=== Work request ===
Verbatim output of the lines below is required, with the images omitted.
Segment Start: Exercise data
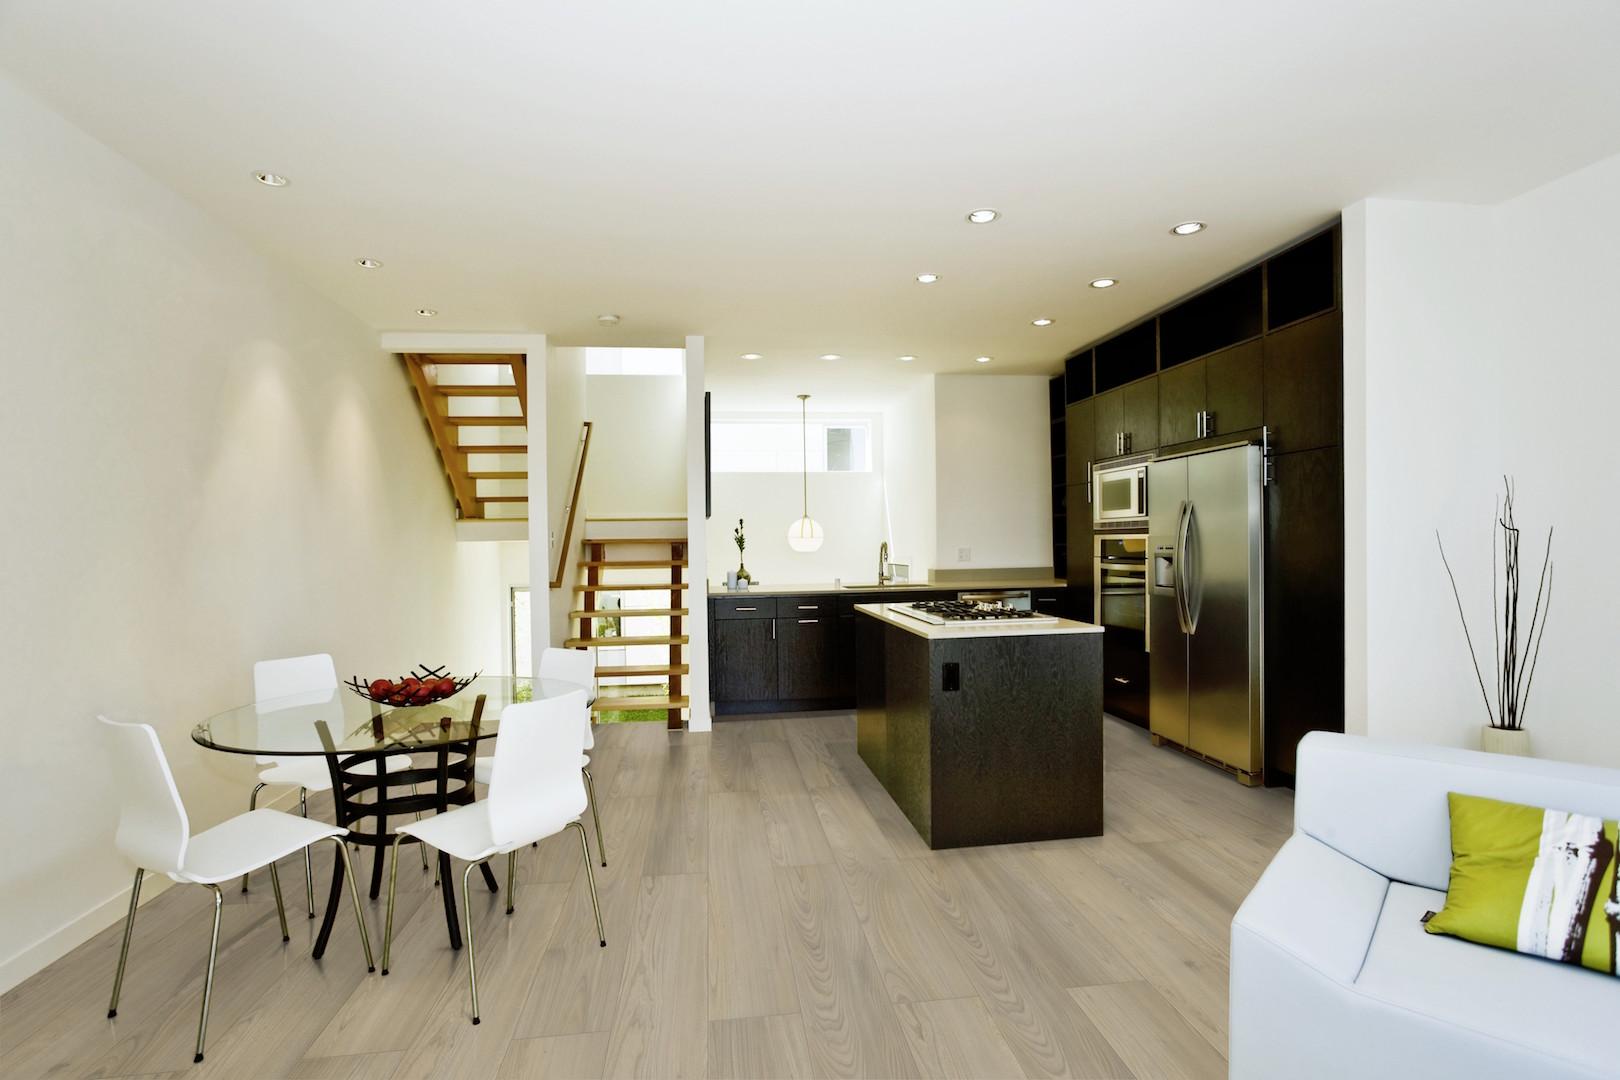 Pvc Vloeren Duitsland : Houten vloeren kopen in duitsland: home esco vloeren. houten vloeren
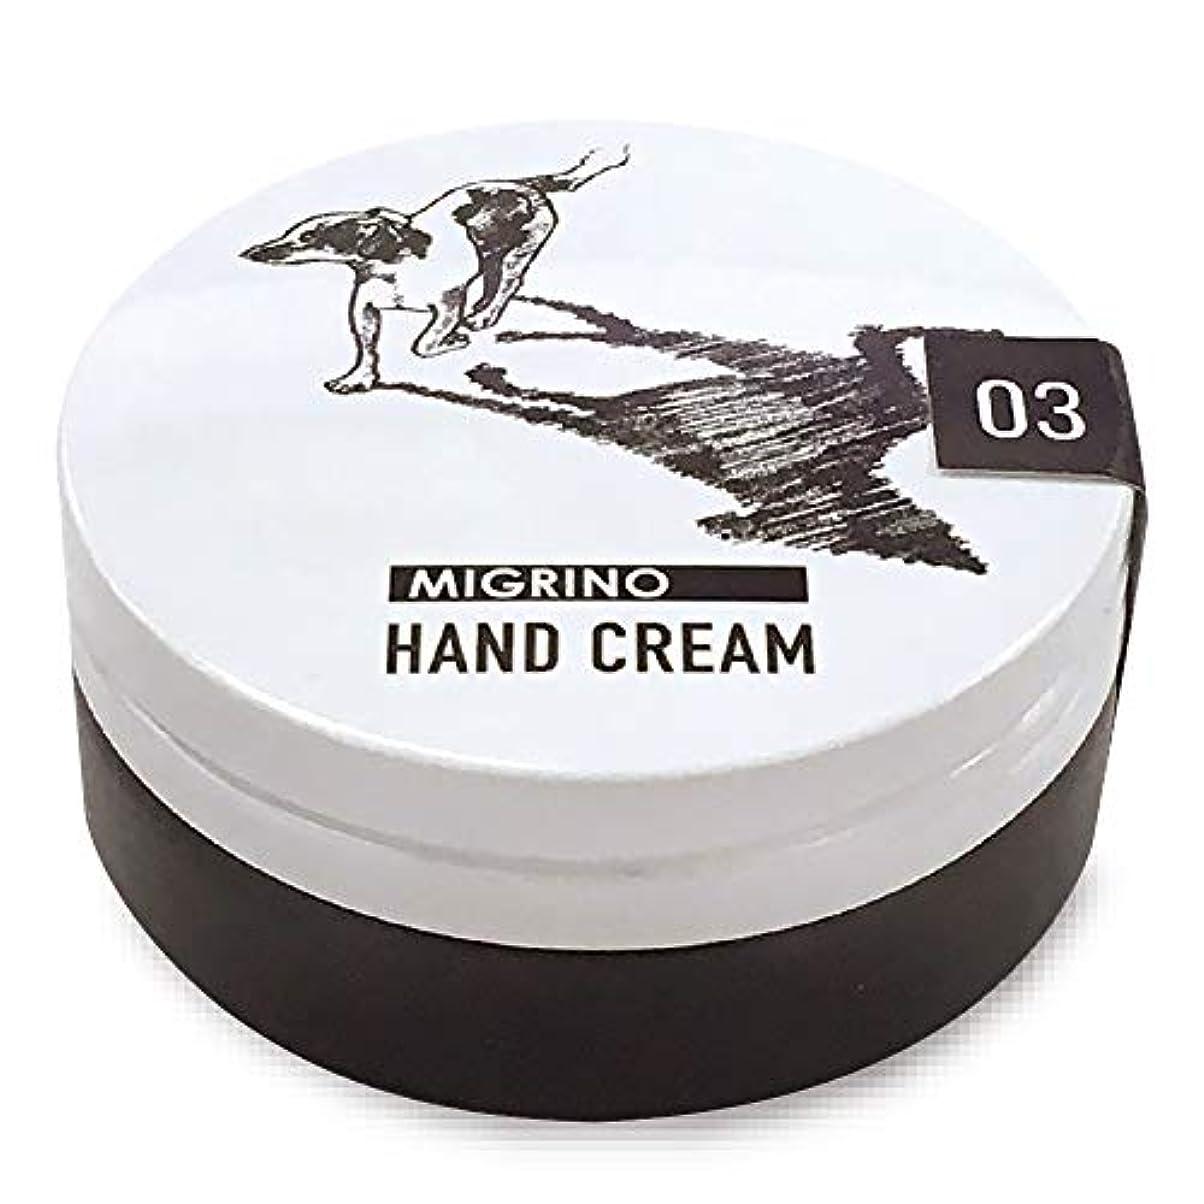 表示フォーク顕著ノルコーポレーション ハンドクリーム パドロール 保湿成分配合 PAD-9-03 ベルガモットの香り 60g
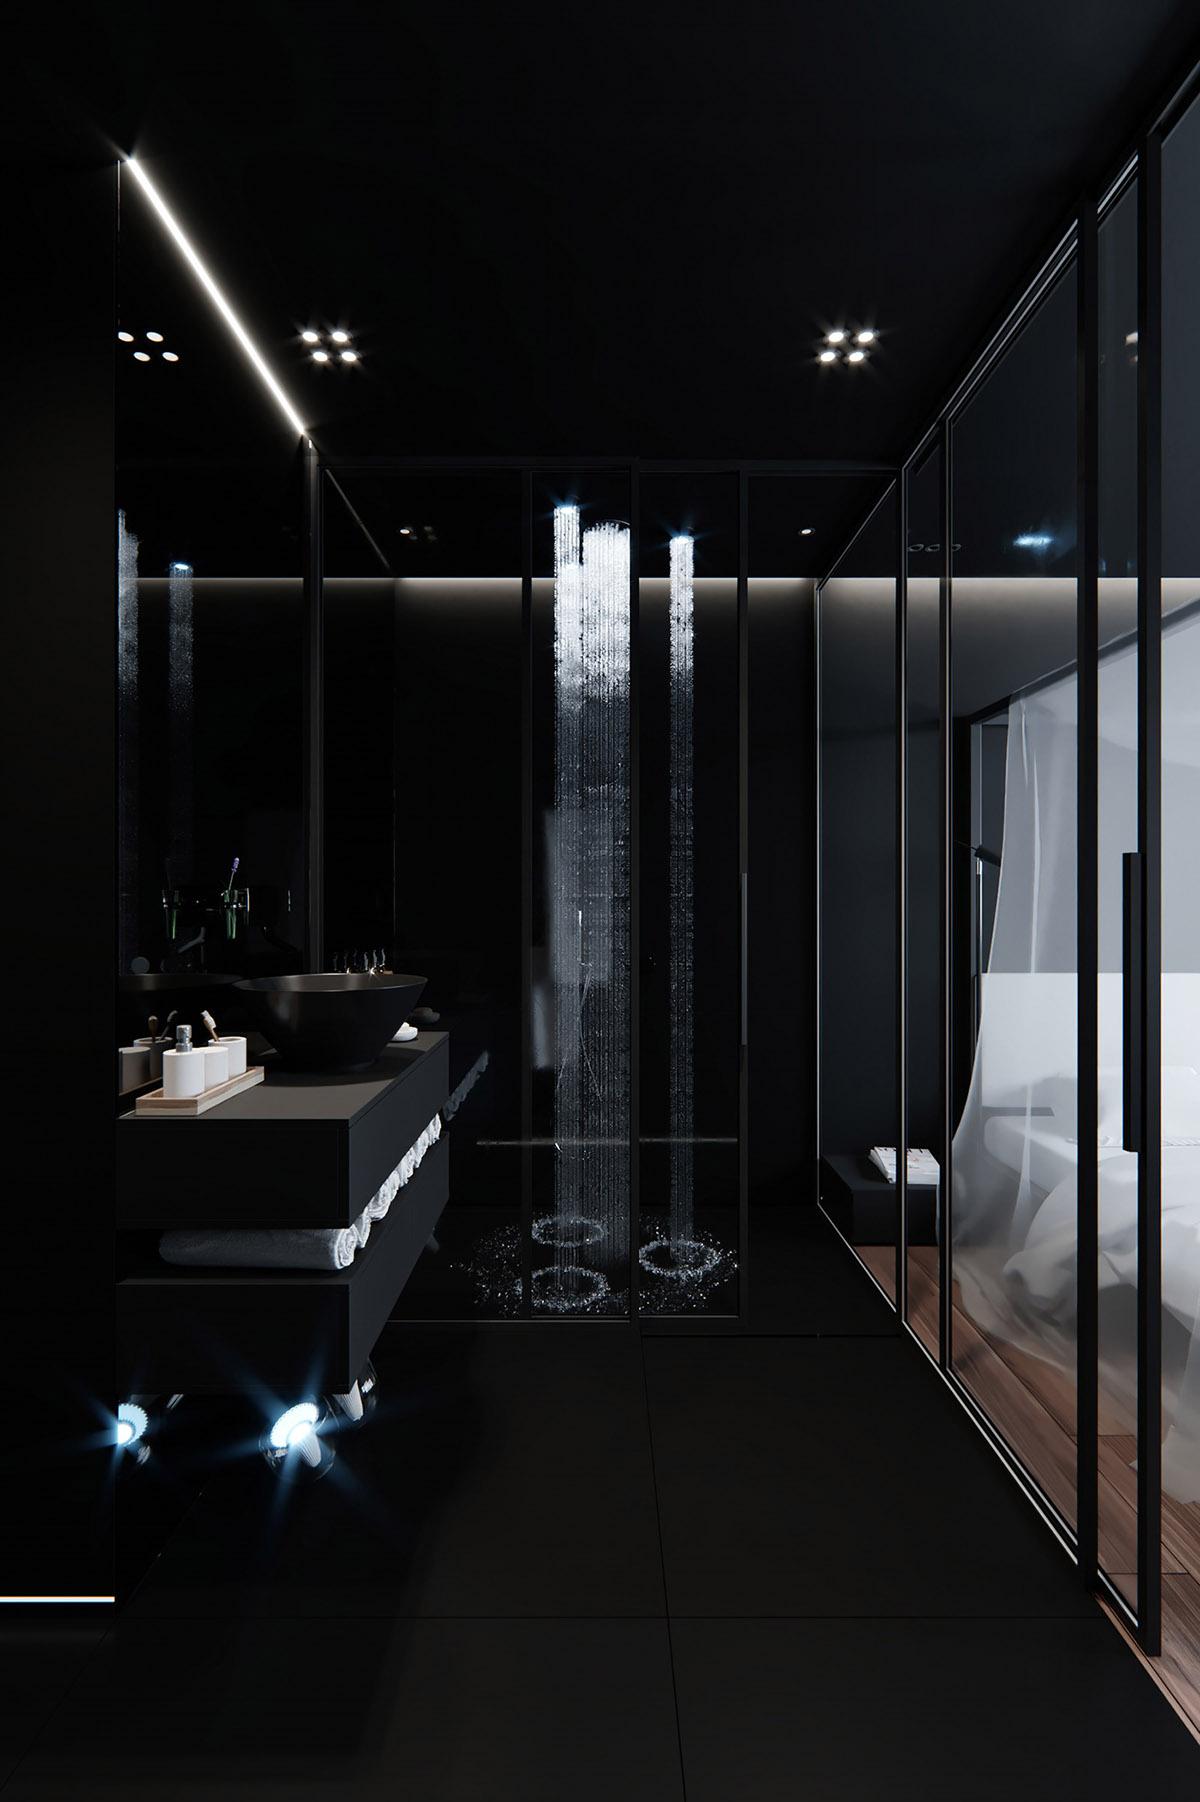 Sử Dụng Tông Màu Tối Để Làm Nổi Bật Căn Phòng Thêm Phần Sang Trọng - Waterfall shower
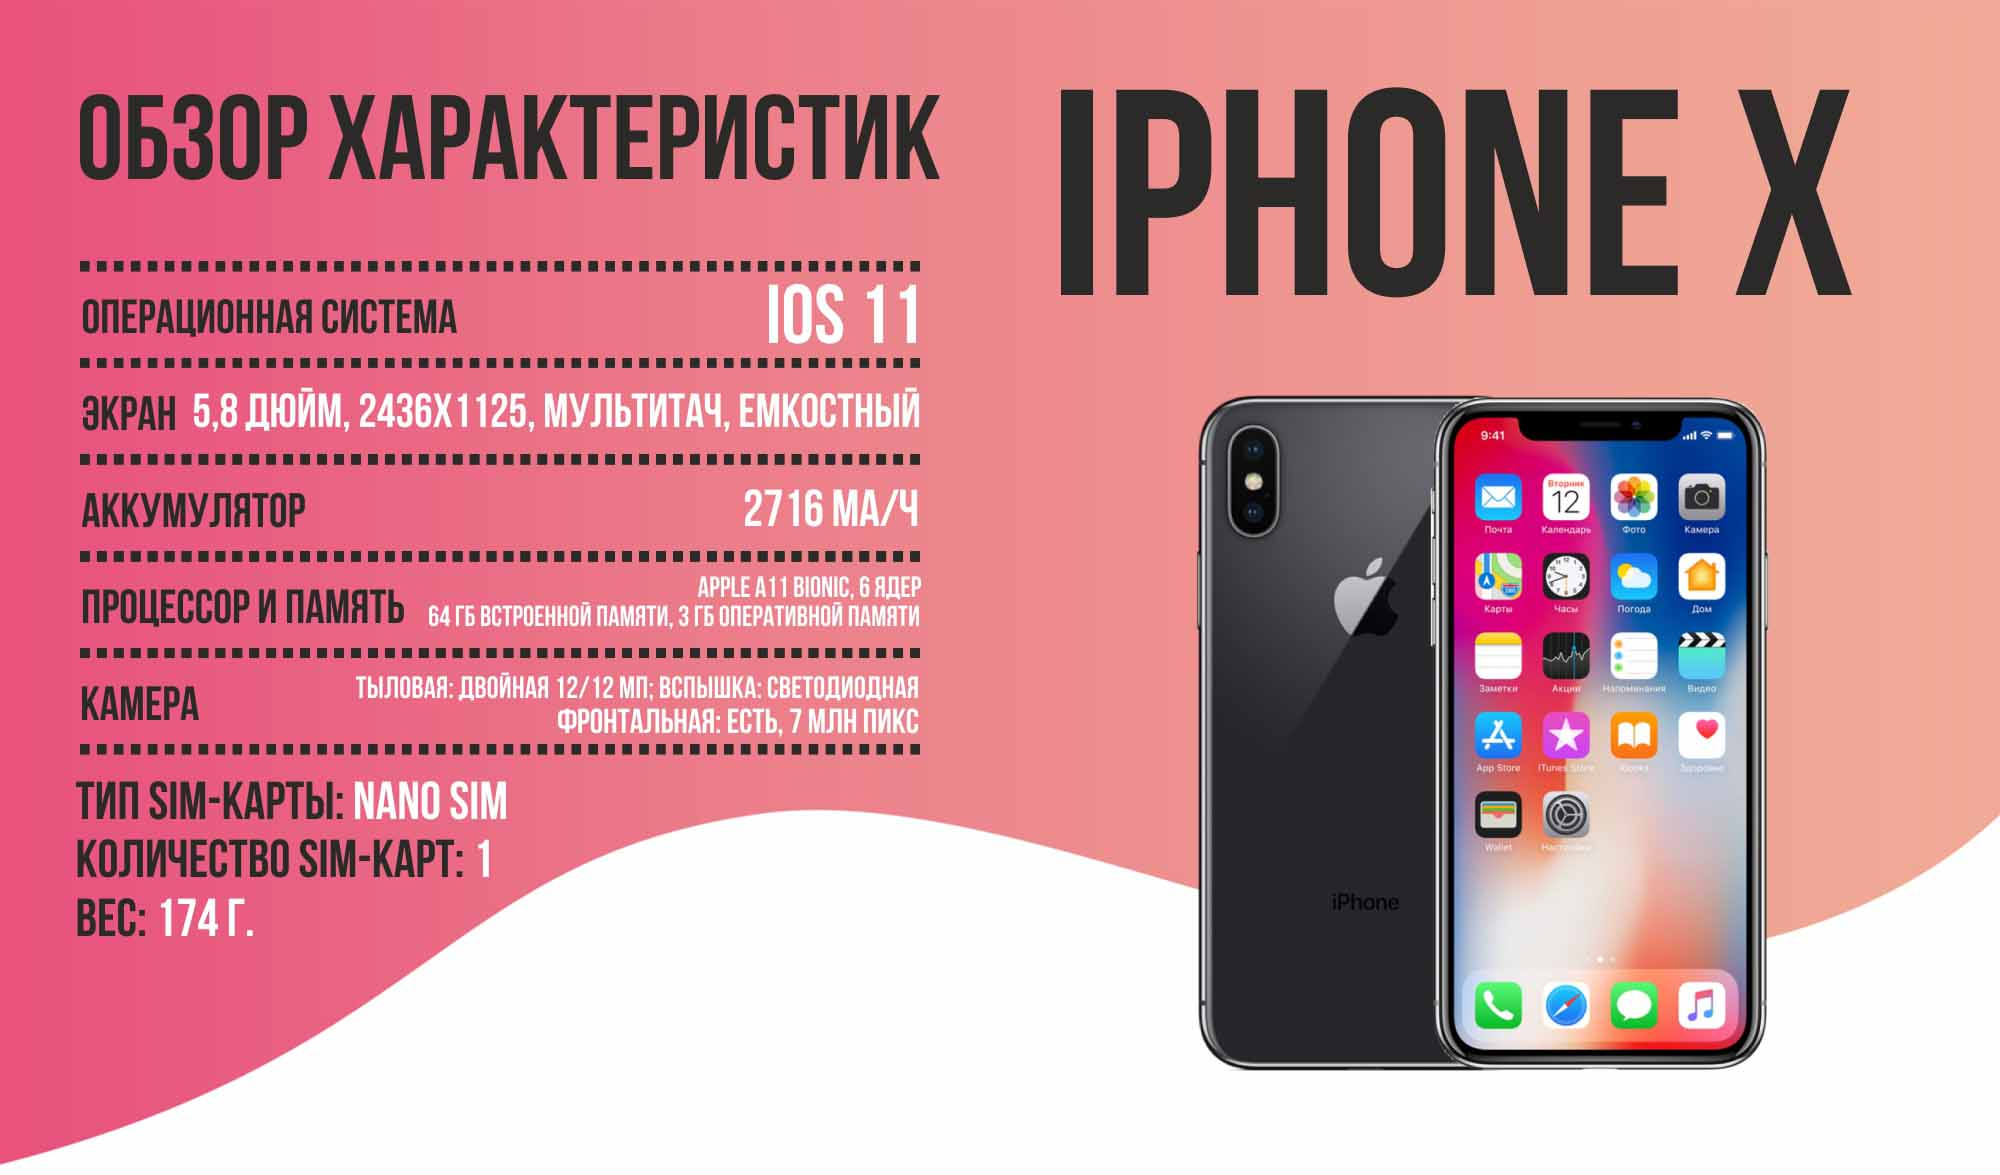 iPhone X_обзор
Segment End: Exercise data
=== Answer to this task ===
 Pvc Vloeren Duitsland : Houten vloeren kopen in duitsland: home esco vloeren. houten vloeren
 表示フォーク顕著ノルコーポレーション ハンドクリーム パドロール 保湿成分配合 PAD-9-03 ベルガモットの香り 60g
 Sử Dụng Tông Màu Tối Để Làm Nổi Bật Căn Phòng Thêm Phần Sang Trọng - Waterfall shower
 iPhone X_обзор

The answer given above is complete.